Supplements can help or harm you – What to look for

Supplements

Sometimes a client will ask me for a cheaper version of a supplement that I either recommend or that tests well on them during a functional assessment. Why pay practitioner-only prices when you can, for example, buy Vitamin C for a quarter of the price at the chemist or supermarket? 
 
Here’s the thing. Supplements are not all made the same. They can differ widely in terms of potency and effectiveness, and some can even harm your health.
 
Here are some key considerations when it comes to choosing your supplements

  1. Are the raw ingredients of good quality?

  2. Are they bioavailable to your body?

  3. Does the manufacturing process reduce potency or cause toxicity?

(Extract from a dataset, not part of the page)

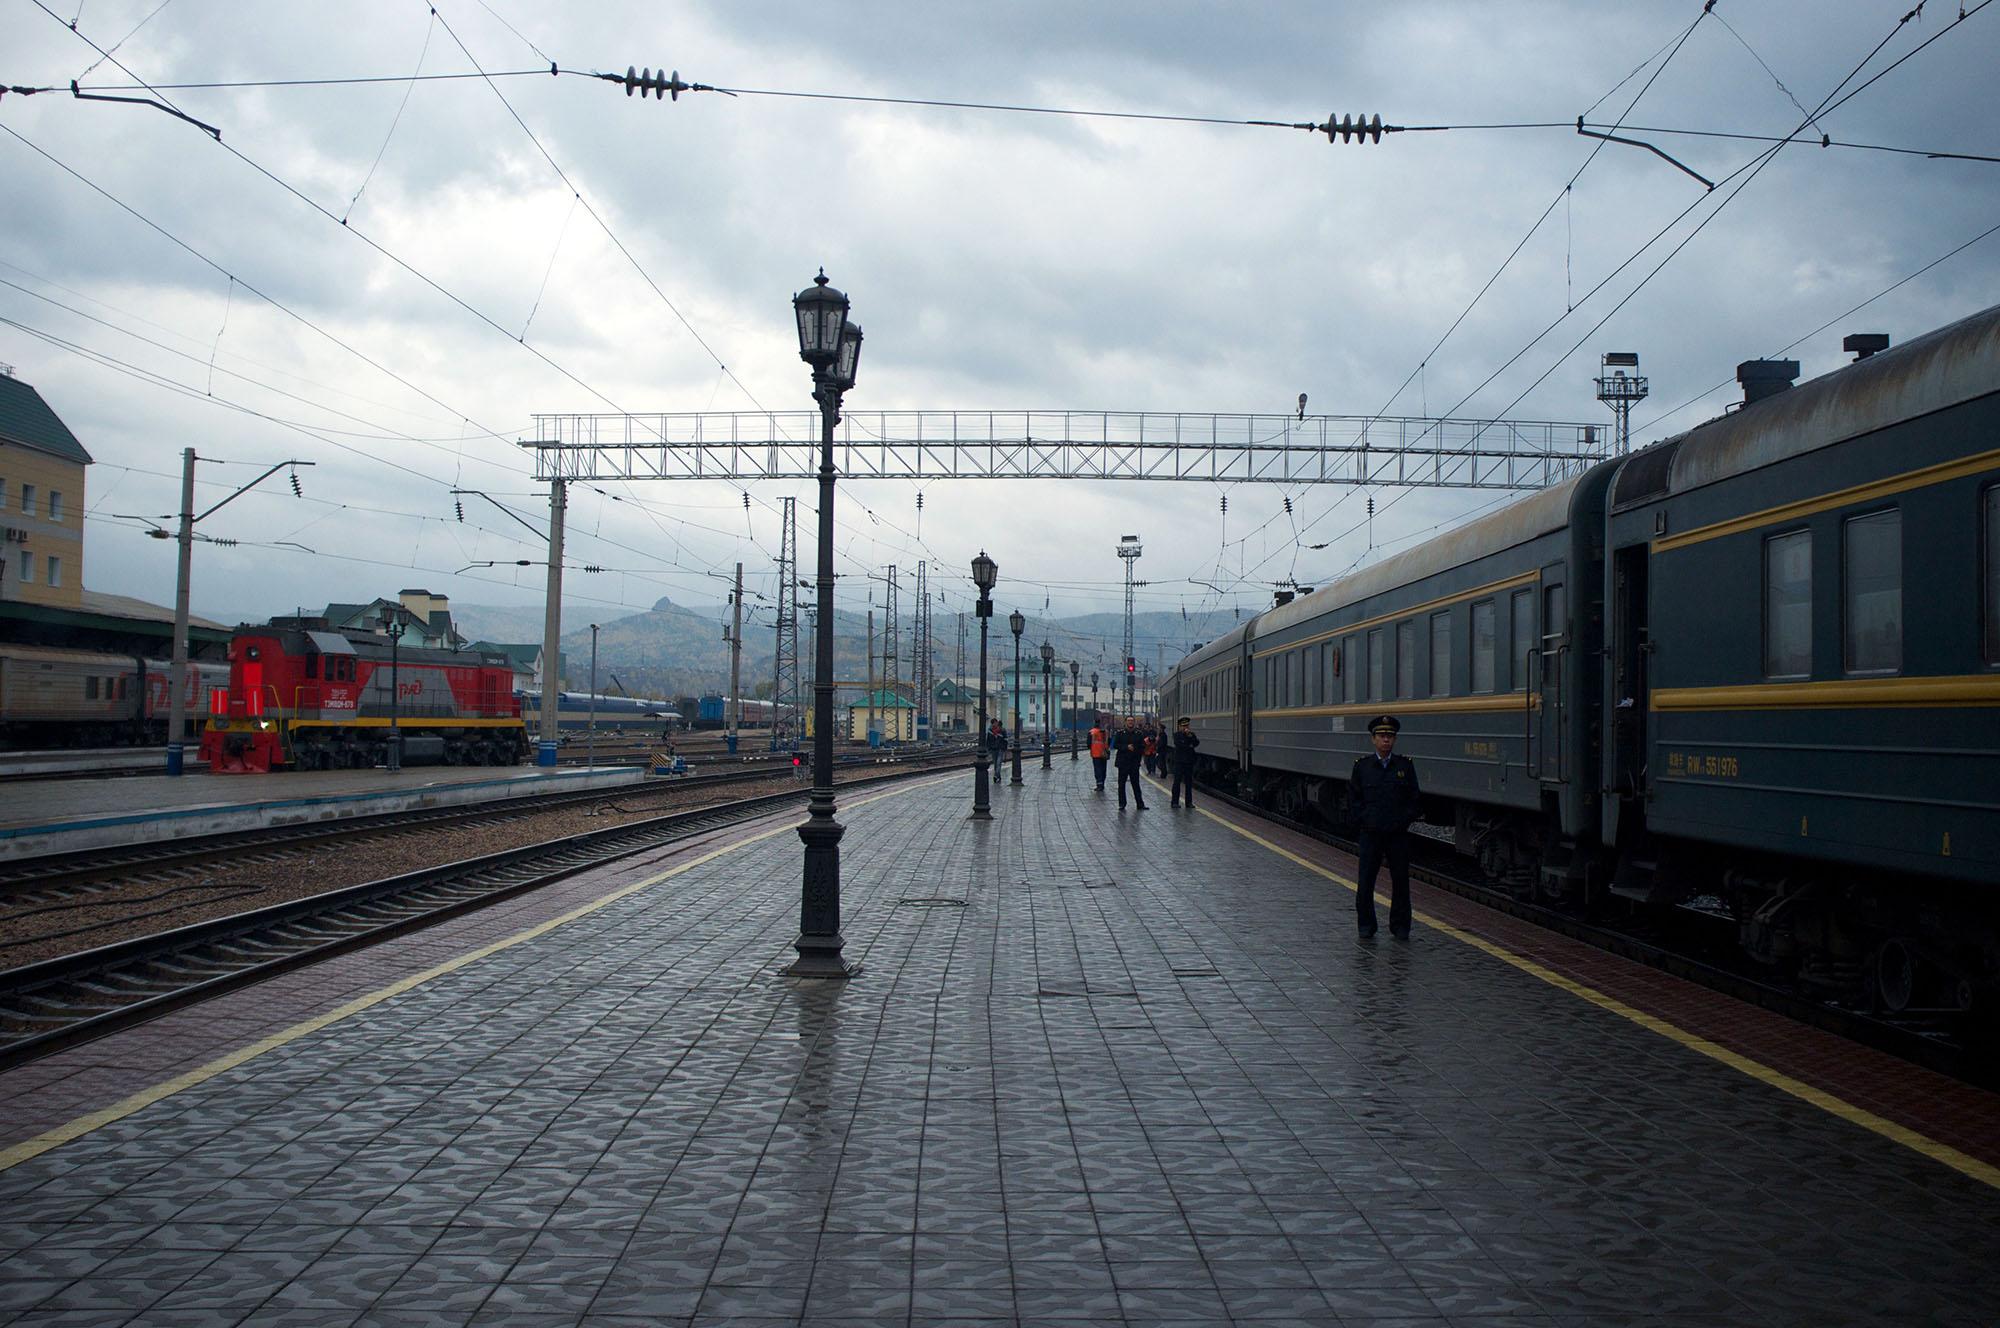 Krasnoyarsk station starting to show curvy landscape.

  4. What other ingredients have been added? 

Quality

  • Are the raw ingredients tested for potency, mould, mycotoxins (mould by-products), heavy metals and pesticides? These substances can lead to allergic reactions, put more stress on your body when you’re aiming for support, and even damage your health

  • Are the raw ingredients derived from food, or are they grown artificially? For example, ascorbic acid, the most common form of Vitamin C, is manufactured by fermenting corn dextrose, artificial and not particularly usable. More about how synthetic supplements can burden your body below

  • Are the ingredients GMO or not? If so, there’s plenty of research showing that GMO foods damage our (and animals’) gut microbiome

Bioavailability

  • When supplements are food-derived, your body recognises them and can utilise them easily. We have evolved this way

  • Most supplements are made from man-made isolates, which are cheap. Apart from burdening the liver, our body has to work hard to identify it and convert it into a useable form. This depletes your body of nutrients and places an additional burden on an already overburdened system from our modern lifestyle

  • An example is Vitamin B. Co-enzymated Vitamin B is many times more available to your body, meaning it is readily useable. The dose you’ll need can often be lower

  • Some companies make bio-identical nutrients, which are cheaper and can work well for some people as they are low allergy, while for others, food-sourced ones work best. This might be a good compromise

  • Also, does the supplement contain the necessary co-factors so your body can use it easily without drawing other nutrients away from key processes? For example, if you take Calcium alone, your body will pull other minerals to make it useable

Manufacturing

  • Supplement companies that make a broad range of products often don’t have specialised machinery to protect an ingredient from the damage that light, heat and oxygen can do, which can make it toxic. For example, fish oil that gets too hot or is exposed to light can become oxidised and toxic because it now contains free radicals, which are associated with diseases like cancer

  • Has it been certified gluten, dairy, corn, soy, deadly nightshade and GMO free? Many cheaper supplements aren’t, yet these are common allergens that can damage health

  • Has testing been conducted during the manufacturing process? Good companies will test the raw ingredient, potency during processing and the end product

Other ingredients – excipients 

  • Manufacturers don’t have to list the additional non-active ingredients they add like fillers, binders, flow agents, disintegrates, coatings and glazes, preservatives, colours and flavours. A large proportion of these are added in to protect processing equipment. Good supplement companies will tell you openly or list what they use. If a company doesn’t, there might be reason for concern

  • Independent testing shows that label accuracy can vary significantly. You may not even be getting what you pay for so go with a supplement provider that will provide you with their research

Australian supplements

  • In Australia, supplement manufacturers are not required to reveal which excipients they use or whether their ingredients are GMO

  • Many supplements made in Australia are synthetic

  • Contact the manufacturer for these details

The most damaging supplements to avoid

  1. Folic Acid or synthetic B9. In many people it actually blocks your uptake of B9 by binding to receptors. Instead take Folate or Folinic Acid

  2. Oxide forms of minerals as our body simply cannot use them

  3. Fish or other oils that haven’t been rigorously tested for heavy metals and/or  processing damage

  4. Cyanocobalamin, a synthetic from of vitamin B12 that is cyanide based

  5. Anything that is NOT certified GMO free

When buying a supplement, you get what you pay for. If in doubt about a product, contact the company and ask them what you want to know. Good ones will be open and happily show you their research. They’re proud of what they do.